Additionally, two women Kavanaugh dated in the ‘80s have since come forward and made clear that the young Kavanaugh was not abusive toward girls or young women. “Kind and polite and respectful,” and a “stand-up guy, full of integrity” who “treated no one with disrespect,” the women described their former beau.

It is implausible to believe that a man subjected to as much scrutiny as Kavanaugh has been, and whom has received unanimous praise as a man of the highest character, could have assaulted Ford. Conversely, it is entirely consistent with scientific research about memory processes for Ford to suffer from a false memory—something more likely when traumatic events are involved, making her memory malleable and prone to distortion.

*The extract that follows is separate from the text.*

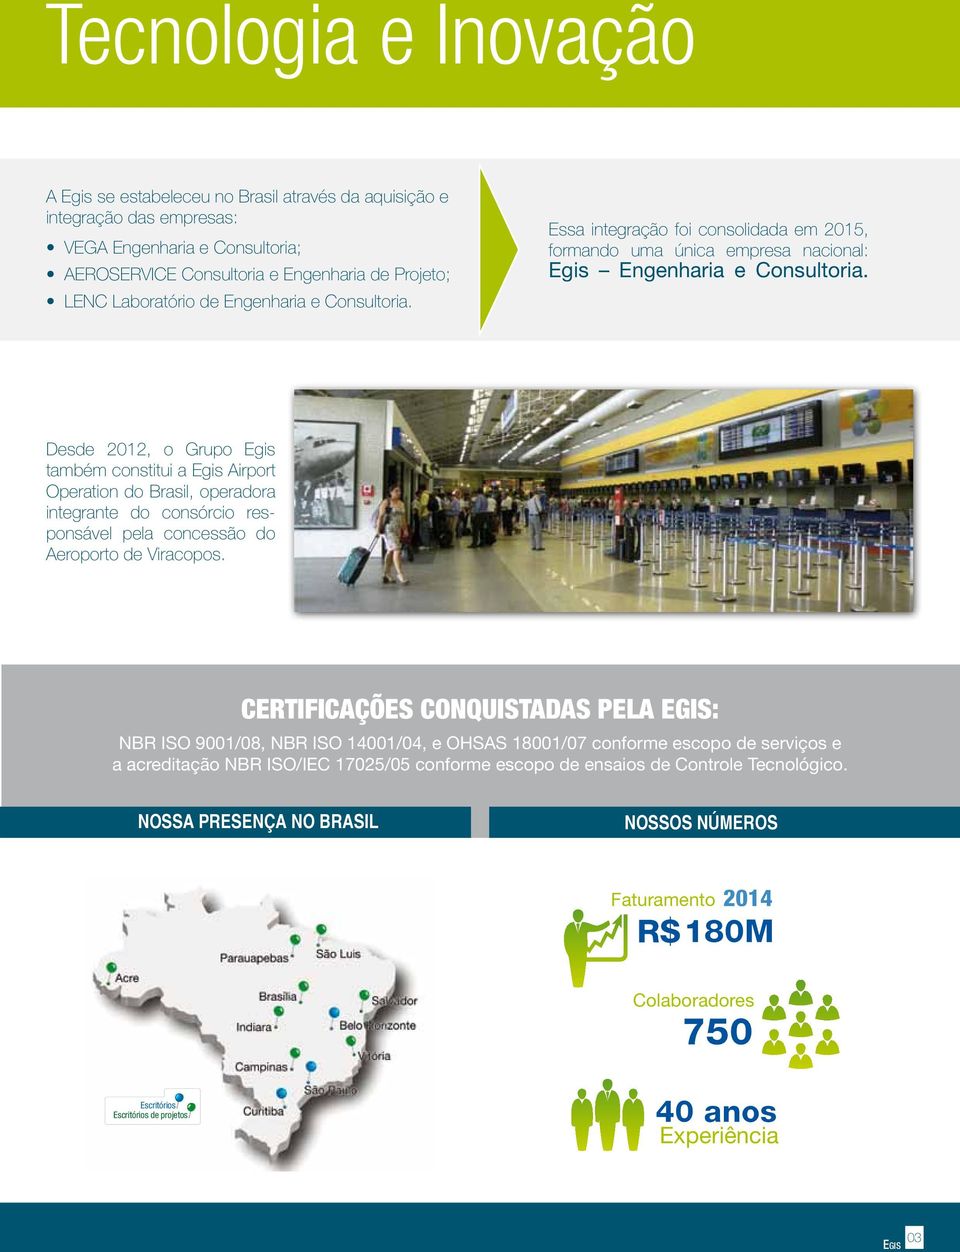 Desde 2012, o Grupo também constitui a Airport Operation do Brasil, operadora integrante do consórcio responsável pela concessão do Aeroporto de Viracopos.
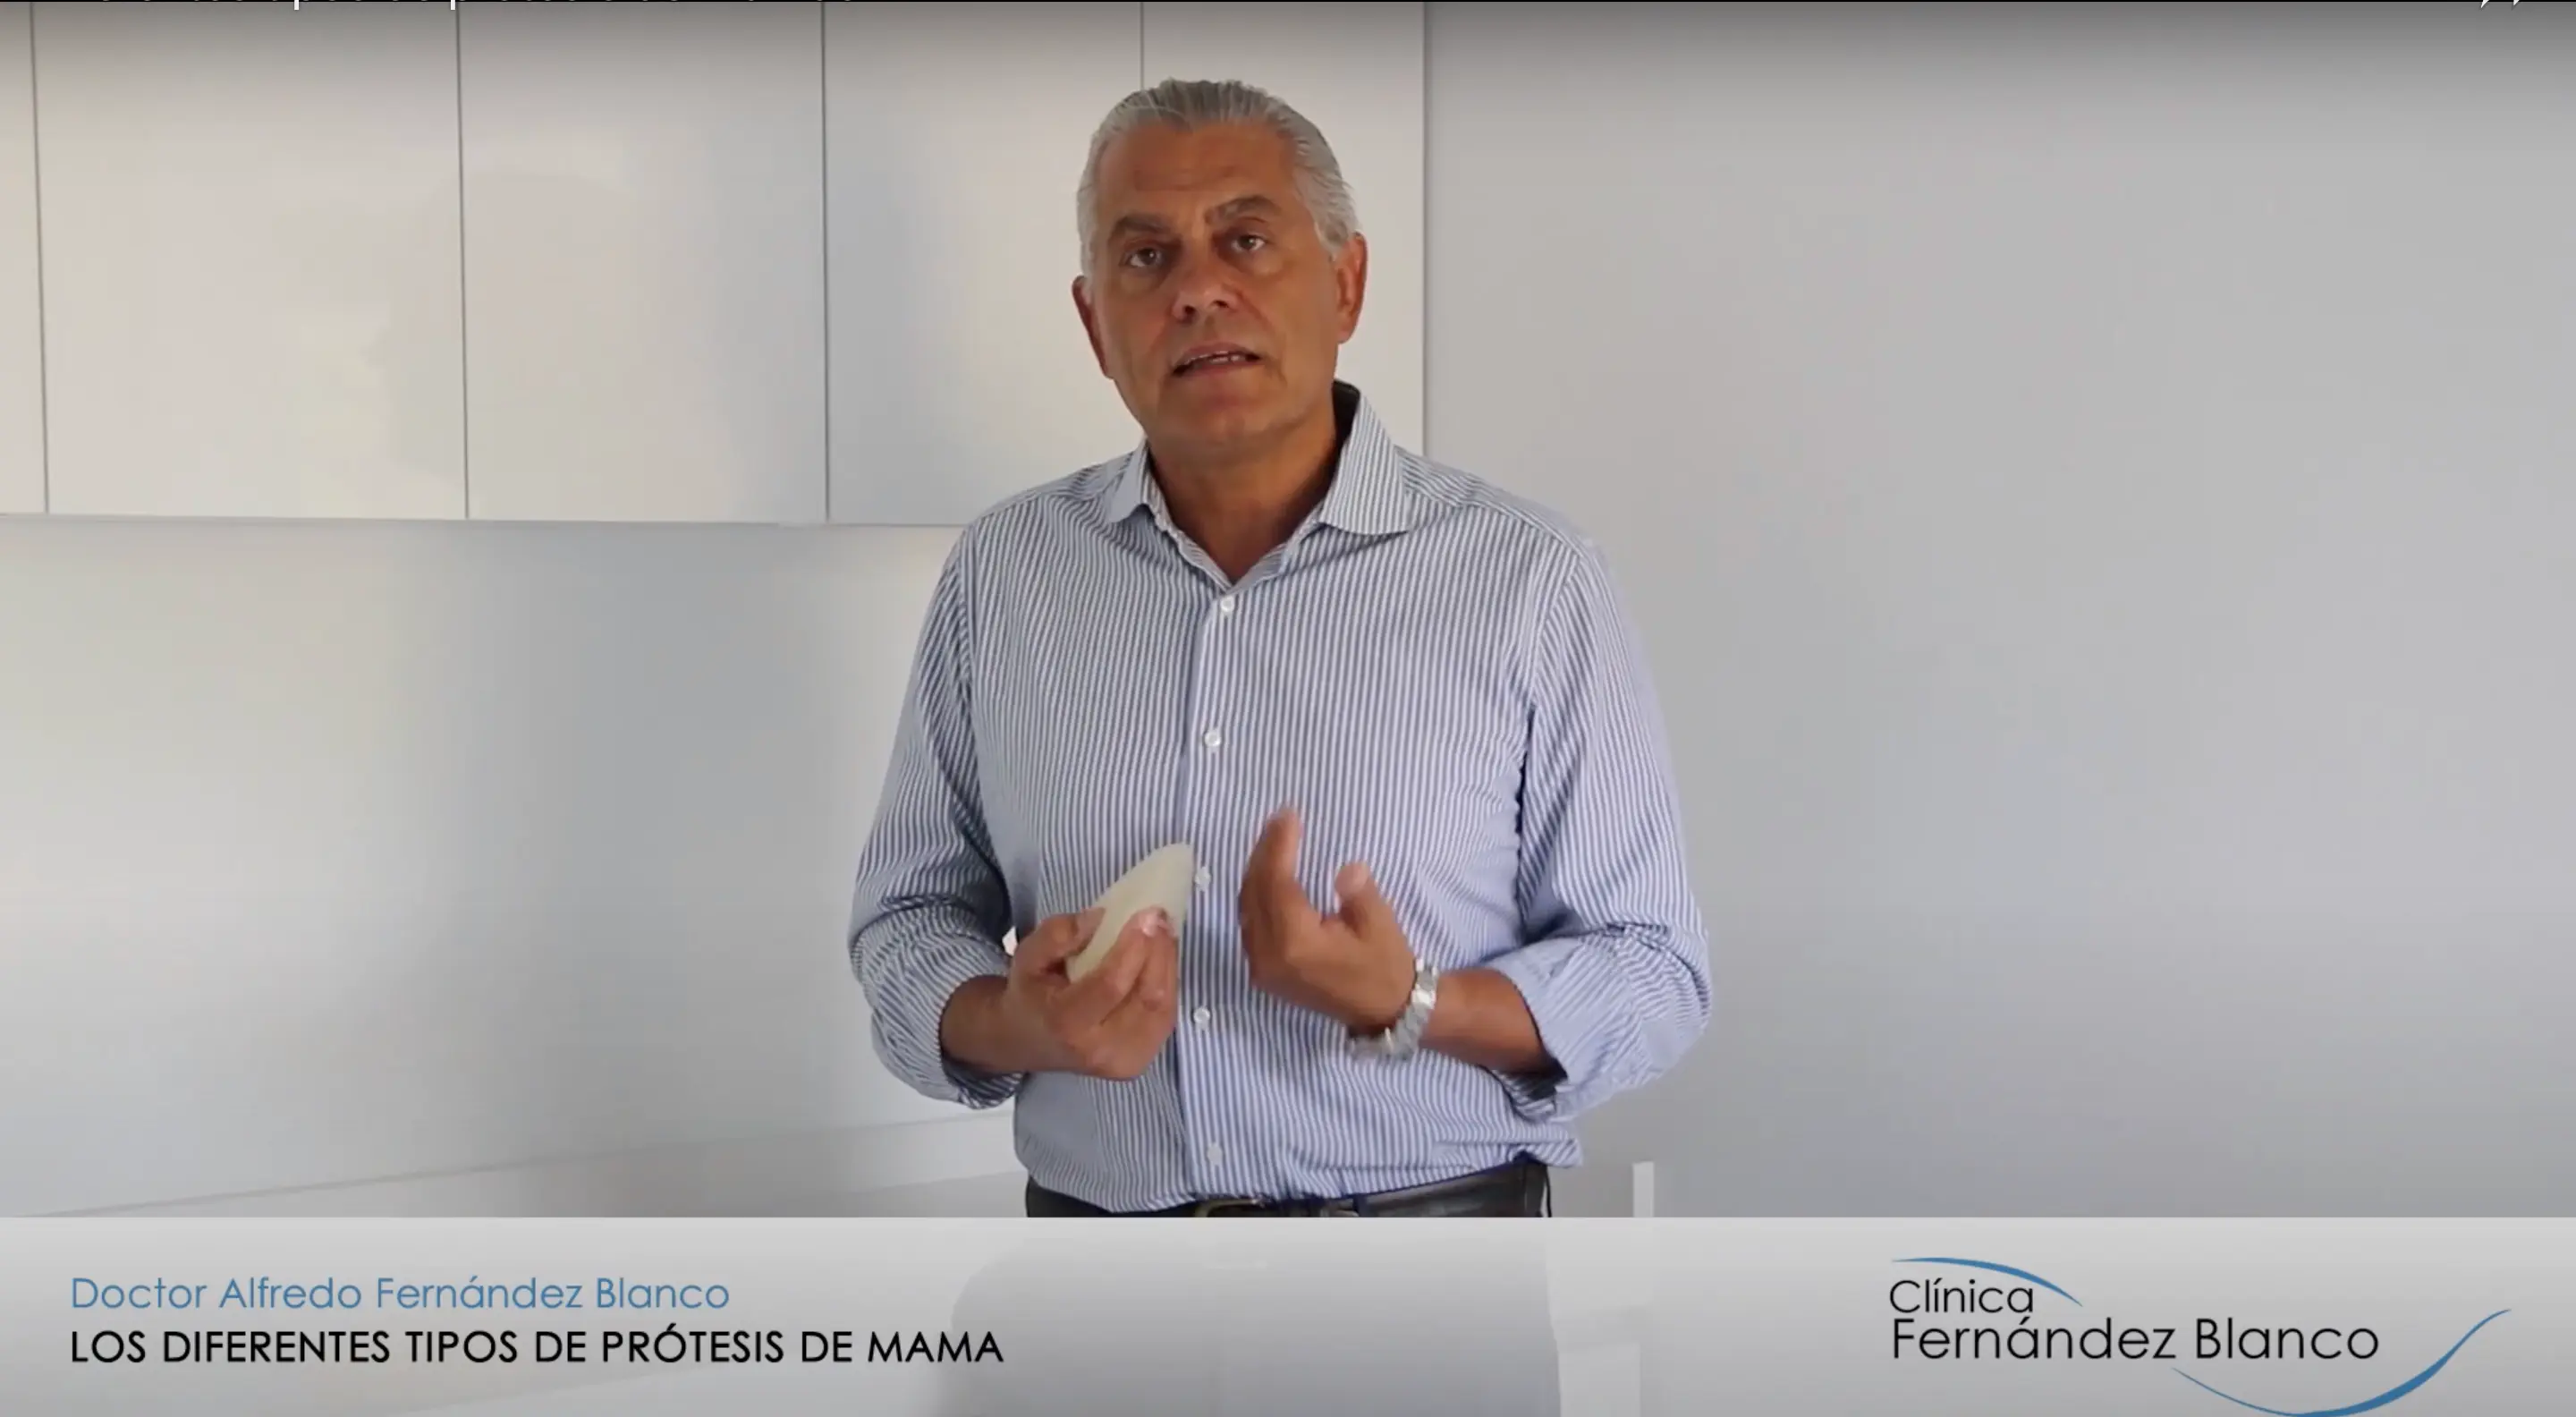 Videoblog del doctor Alfredo Fernández Blanco acerca de los diferentes tipos de prótesis de mama

Had Ford agreed to testify, I would have cautioned Republican senators to follow Kavanaugh’s lead and presume her honest, but mistaken. But then news broke late yesterday that Ford won’t appear at the scheduled hearing.

Ford’s intransience does her no favors. Her refusal to testify under oath of the charges she hurled at Kavanaugh through the media merely furthers the impression that she is a lying schemer attempting to keep Kavanaugh off the bench at all costs.

Nonetheless, Republicans would be well-served to refrain from the character assassination that marks Democrats. Yes, the Democrats—with Ford’s assistance—have weaponized her story in an attempt to destroy an innocent man, but Republicans can still take the high road. There is no need to cast Ford a liar, when she can instead be viewed charitably as a victim who mistakenly identified the wrong man in recalling a traumatic event of her youth.

Margot Cleveland is a senior contributor to The Federalist. Cleveland served nearly 25 years as a permanent law clerk to a federal appellate judge and is a former full-time faculty member and current adjunct instructor at the college of business at the University of Notre Dame. The views expressed here are those of Cleveland in her private capacity.